PUTNEY — Katy's Great Food in Putney is hosting an art show of student work from fifth graders at The Grammar School through April.

The paintings are based on the work of Giorgio Morandi, an Italian painter and printmaker who specialized in still-life compositions involving everyday jars and bottles.

“This project is one of my favorites because it captures so many elements of deep learning in such a straightforward form,” art teacher Hannah Richards said.

Through the process of making these paintings, students engage in an interdisciplinary study. In addition to explicit painting techniques, such as careful brushwork and different types of paint mixing, students practice observation and complex math skills.

For example, embedded in learning to sight relative measurement and estimate depth of space is the study of fractions; and mixing paint to achieve the subtle grays, browns, and pastels of Morandi's signature style encourages awareness of color theory.

Most importantly, according to Richards, is the way the project “draws forth in students a lovely engagement with the relationship of art history to the work of the present moment, in observing this light on these forms.”
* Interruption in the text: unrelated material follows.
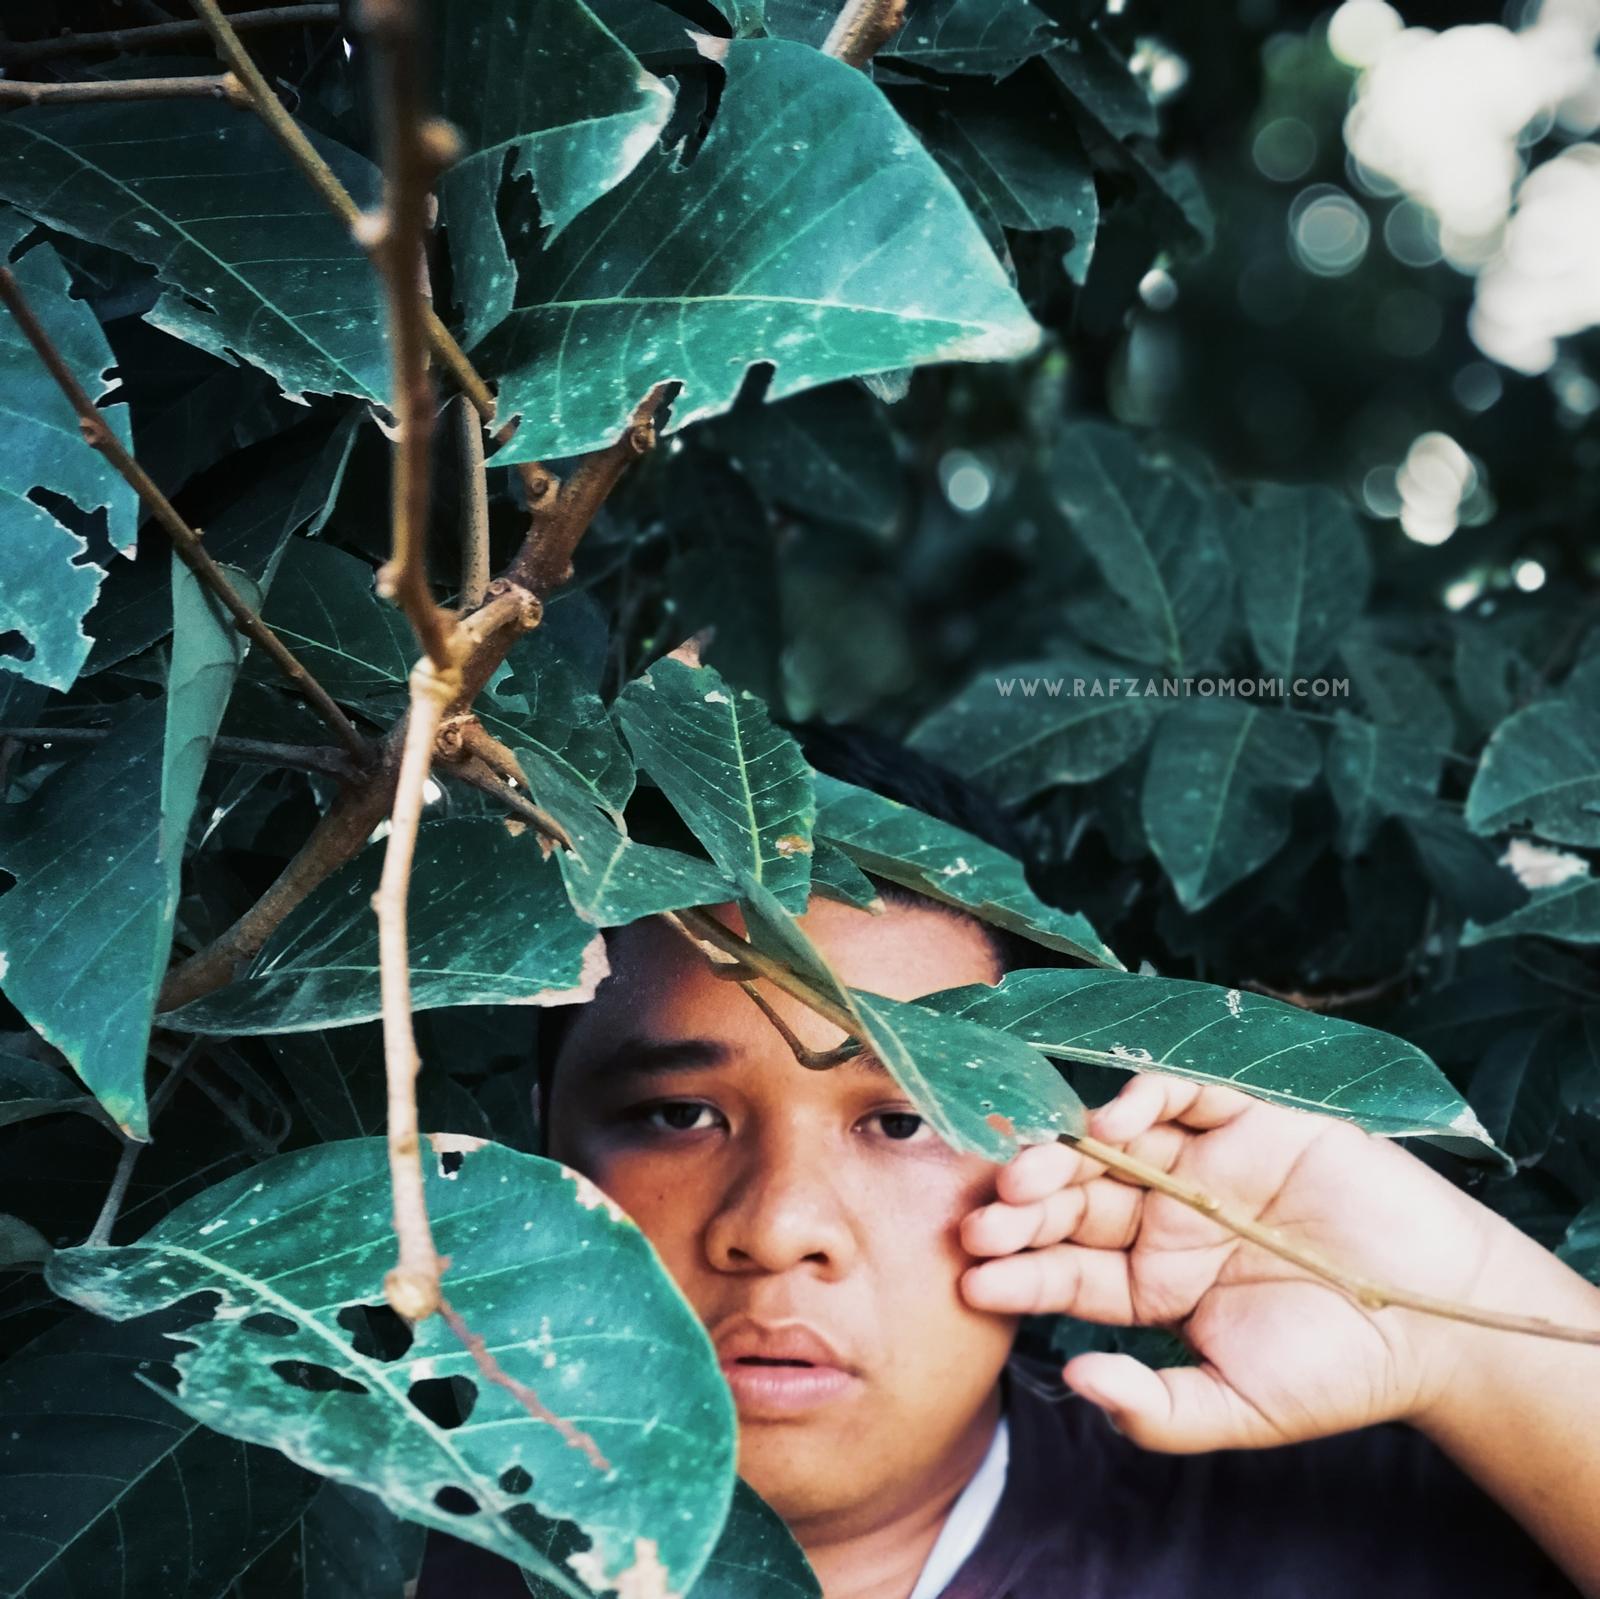 Saya & Gambar IV -Edisi Balik Kampung- Rafzan Tomomi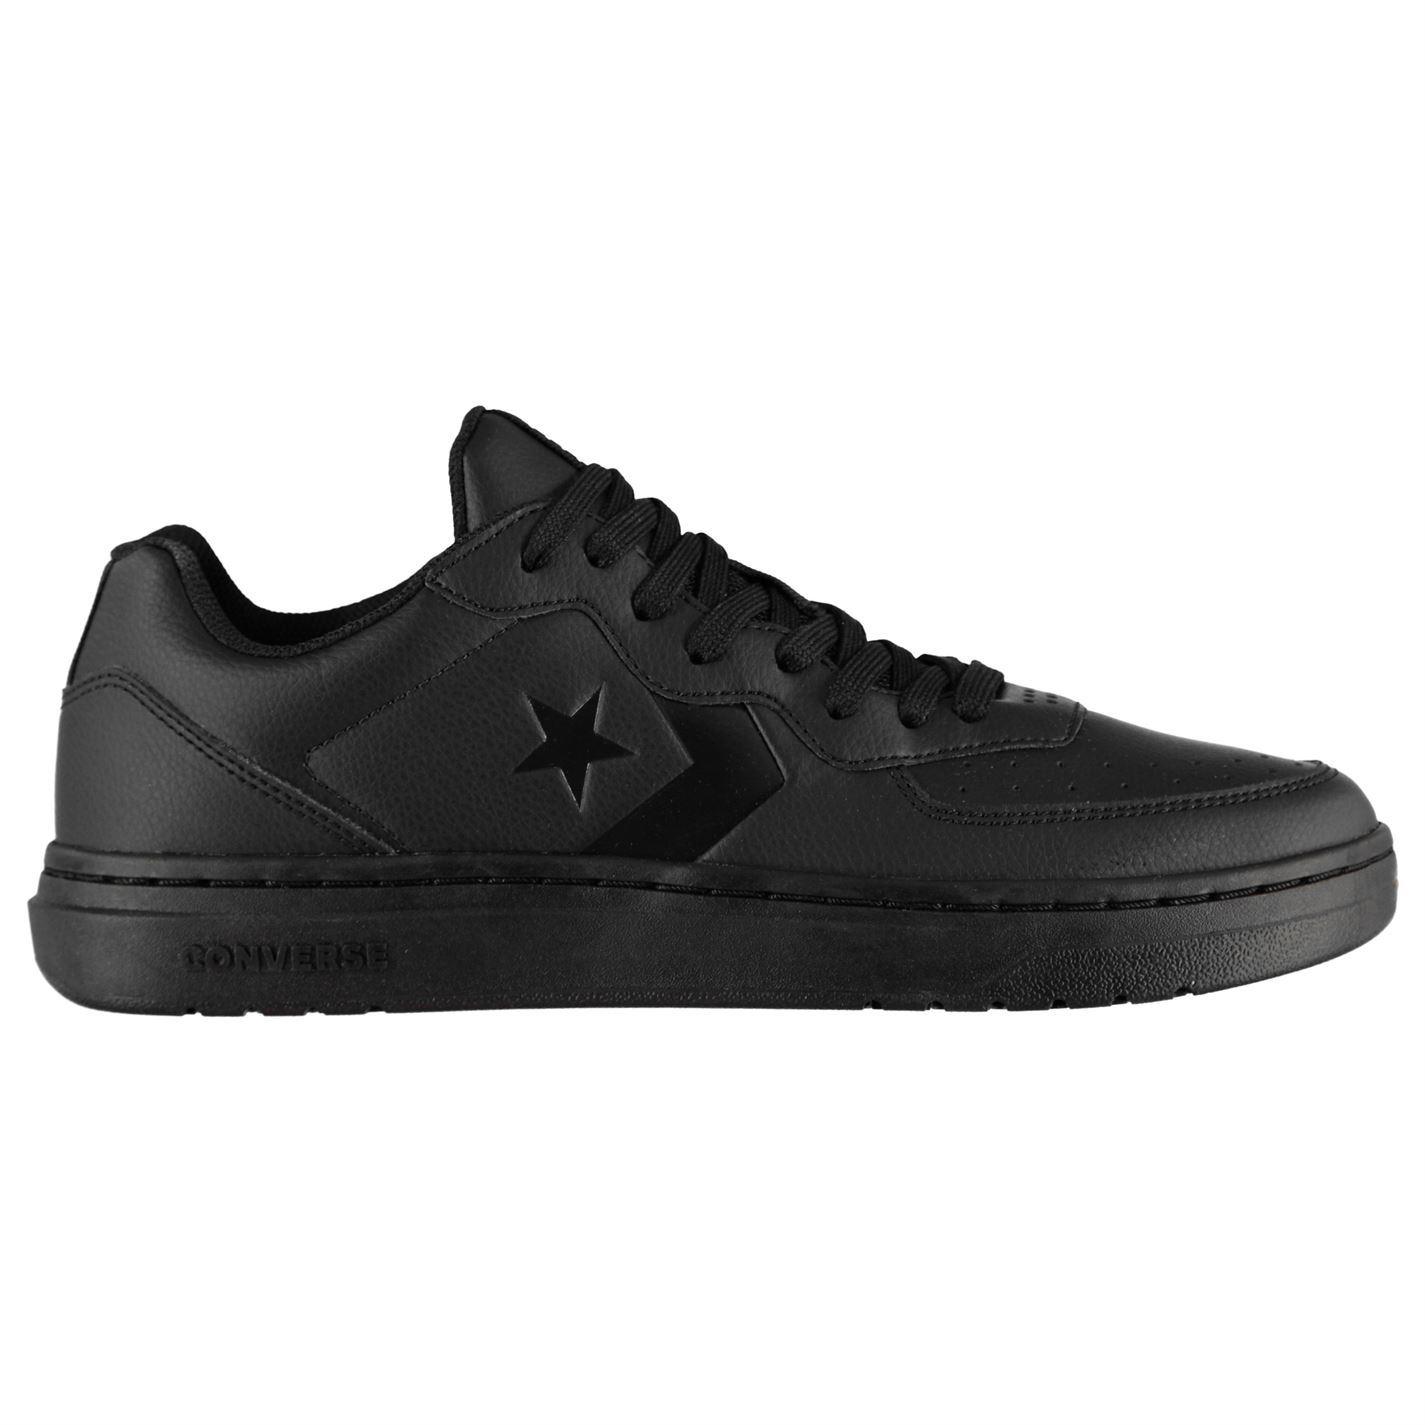 Converse-Ox-Rival-Cuir-Baskets-Pour-Homme-Chaussures-De-Loisirs-Chaussures-Baskets miniature 6

To create the works, fifth-graders sketched several canning jars to practice observing and drawing ellipses, then learned about Giorgio Morandi and looked at several examples of his work. They collectively created a still life from similar objects and set about painting in Morandi's style.

“It's wonderful to see moments of clarity in understanding how an ellipse curves just so, or how a dapple of light makes all the difference, or just to see students seeing deeply,” Richards said.